Churches, Marcellus Outreach Butler and other organized groups from surrounding counties have been chipping in, making a tremendous difference day to day in the survival of a dozen Woodlands families whose water went bad – in some cases turning dark gray or a bright orange-red – after Rex Energy began drilling and fracking nearby. Even Walmart has promised a thousand dollar check to the impacted families next week, enabling them to buy 2000 gallons of drinking water at $.50 / gallon. Protecting Our Waters’ (POW) Emergency Replacement Water Fund has generated over $1000 in donations from the Philadelphia area; throughout the Marcellus Shale region, and as far away as Washington, D.C. Disbursements from the fund, affectionately dubbed “Water LOVE,” began this past Monday, with coordination on the ground from impacted families.
Shale country kindness is special, in my view, because it’s so urgently needed. The impulse to help is innate, no less than its more famous and better-studied cousin, the impulse to hurt. Studies have shown that consciously cultivated compassion actually changes the human brain; and that among people who practice steady, deep meditation an area of the brain associated with compassion gradually enlarges. Because of neuroplasticity (the ability of the human brain to change itself), thoughts and actions which are kind and generous increase the likelihood of further kind, generous thoughts and actions; and in addition, kindness is socially contagious.
So, from farmer Stephen Cleghorn, who hauled his own water buffalo (large plastic container) from his farm over to the McIntyre’s place, to the folks in the Costco parking lot, to the incredibly determined and talented group Marcellus Outreach Butler, the area churches, and all the “Water LOVE” donors: Keep it up. Your brains are growing right along with your hearts. And you are positively contagious.

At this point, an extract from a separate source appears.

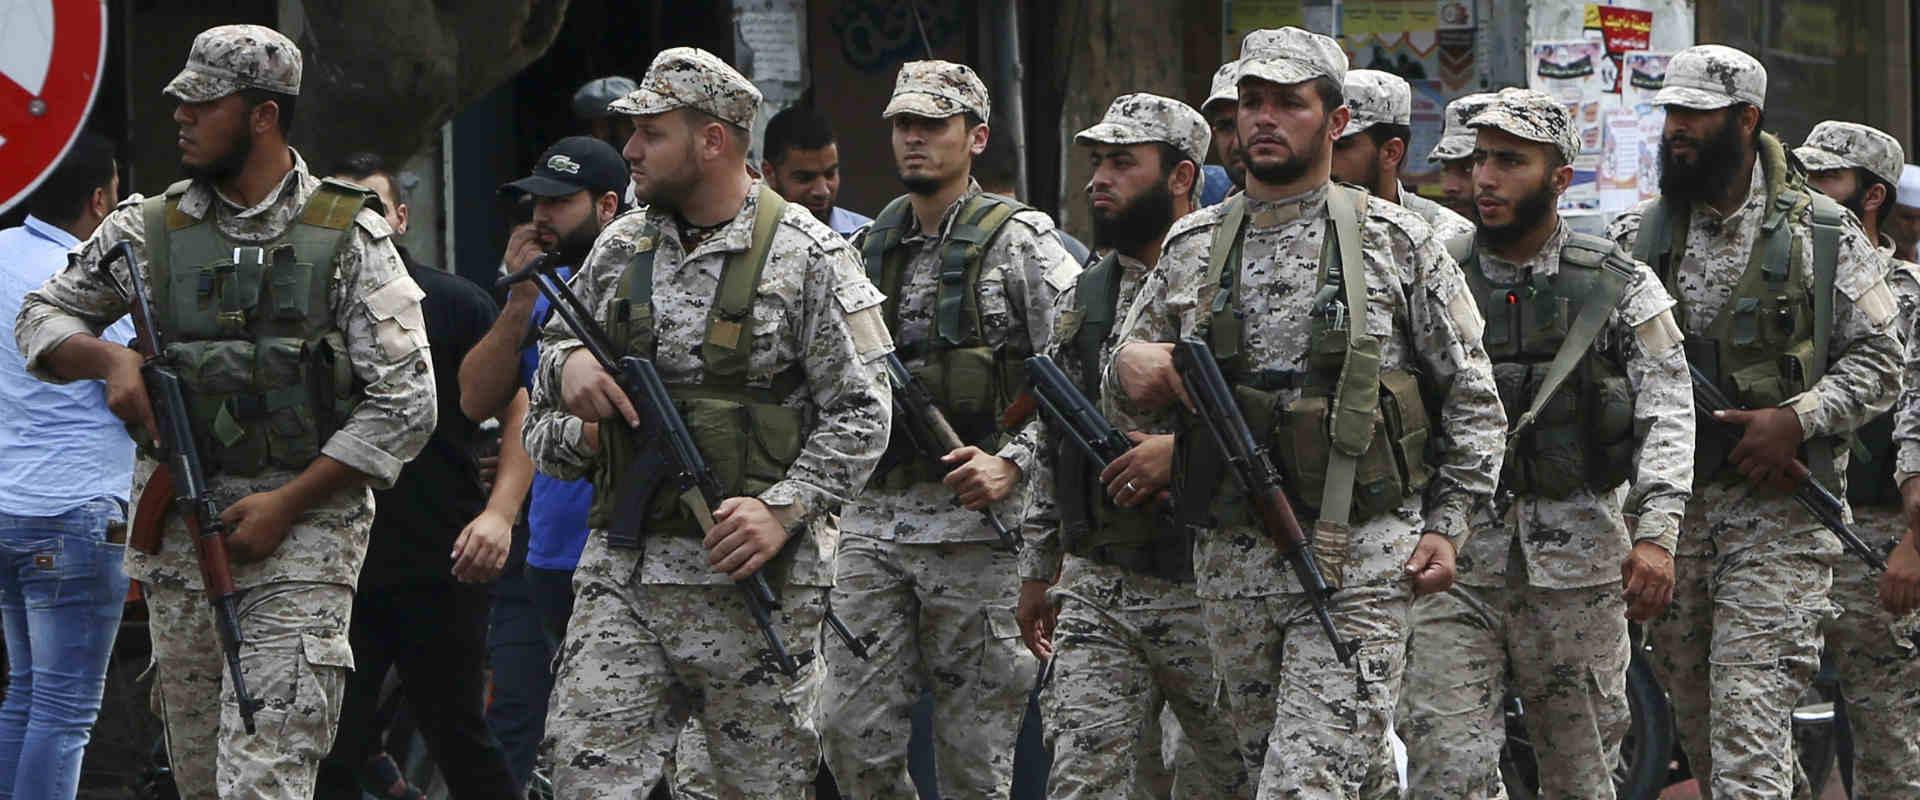 אנשי הזרוע הצבאית של חמאס
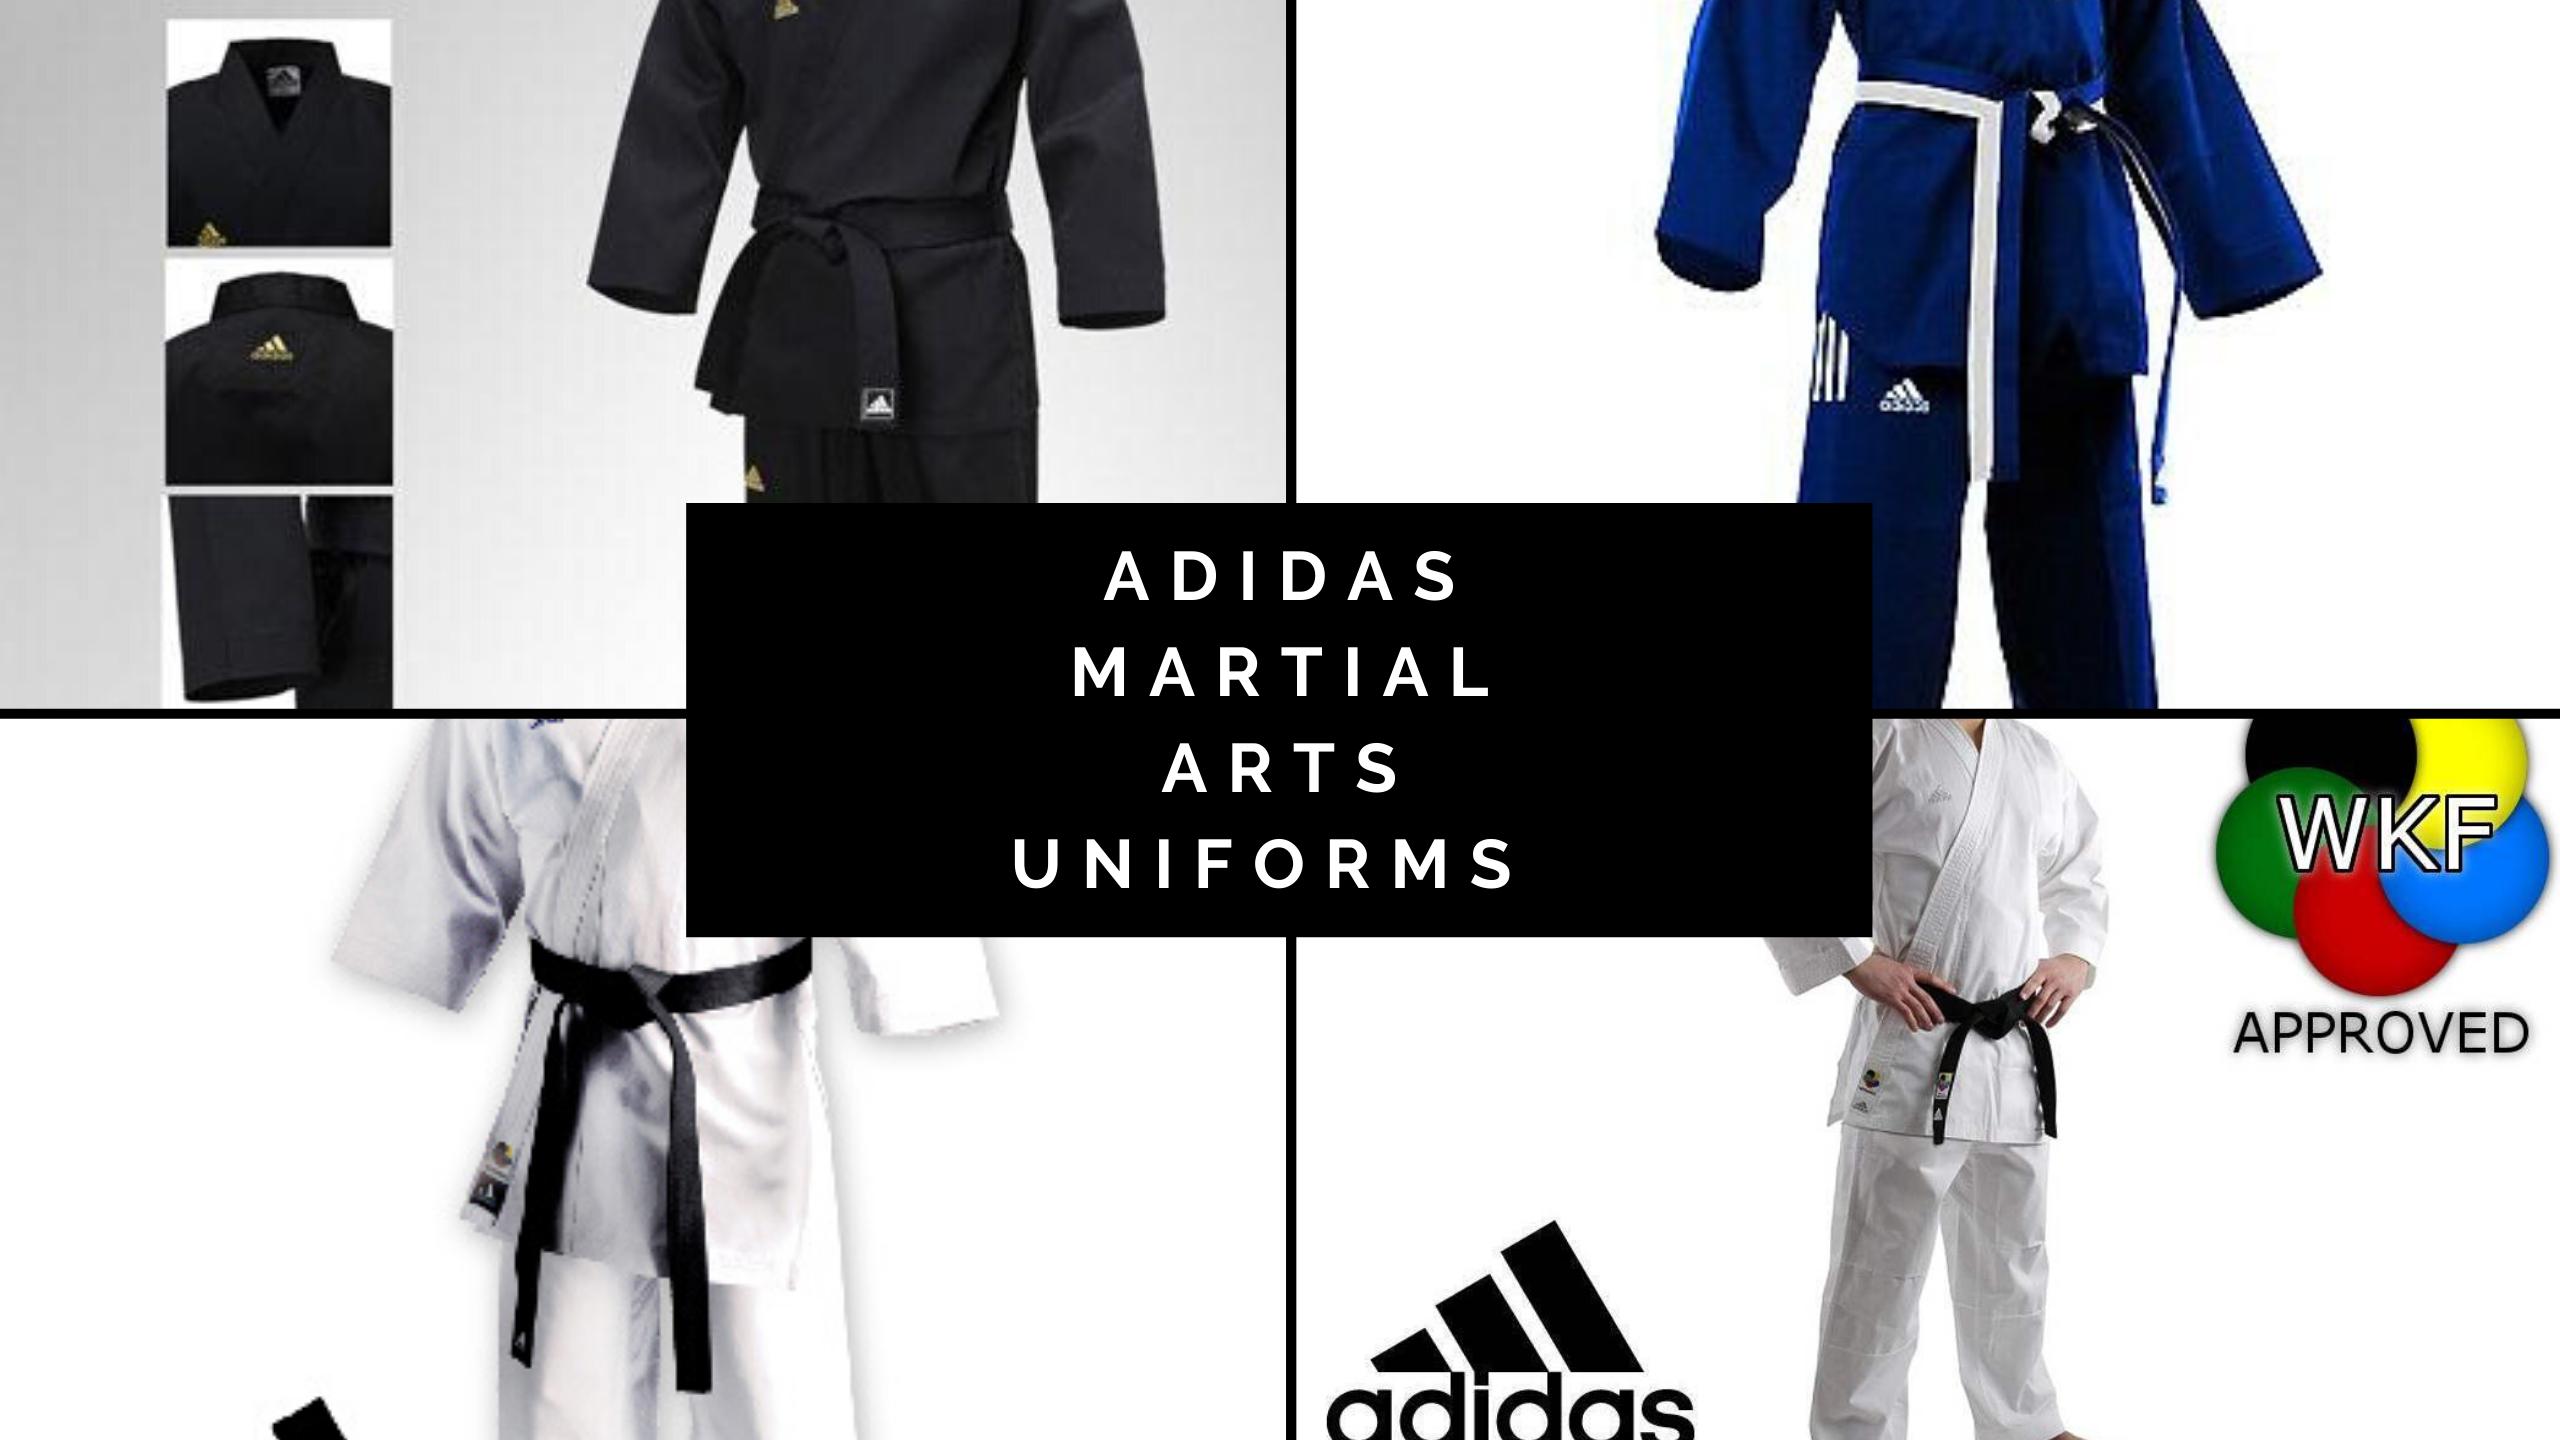 Adidas Martial Arts Uniforms

But it all pales in comparison to the families’ solidarity with each other. Kim McEvoy gives up 6 of her gallons each week to make sure a blind neighbor gets enough. Sheri Makepeace, with three small children to take care of, found the courage to speak out not only for herself, but for her neighbors. Janet McIntyre takes care of everybody with nonstop communication and works with her husband Fred – and with Diane Sipe and Jason Bell of Marcellus Outreach Butler – to keep the water deliveries rolling.
We don’t know if they can keep it up, because it’s exhausting and impractical and some families are going without normal things folks in the U.S.generally expect, like safe showers at home. A long-term solution hasn’t arrived, and won’t arrive without steady pressure on EPA, PA DEP and the PA Department of Health to provide replacement water for the impacted families and to create a permanent solution.
Last week, when news of the pending release of 1/3 of the POW “Water LOVE” funds was spread in the Woodlands neighborhood, one woman “almost collapsed, she was so grateful,” reported Janet McIntyre. It’s terrible that the need is so great.
Obviously kindness is not and will not be enough to make the needed policy changes from bottom to top. We must rise up to create transformative justice so that our own communities and our children’s future is not destroyed. Anger and courage, strategy and indefatigable activist alliances, are necessary. But without kindness all along the way, our fabric becomes too frayed to mend.
Cheers to all you champions of compassion. For these families you are making the difference between a rock, a hard place, and a place to call home. Homes become again places in which to rest, cleanse, restore, and take refuge — only with clean safe water and air.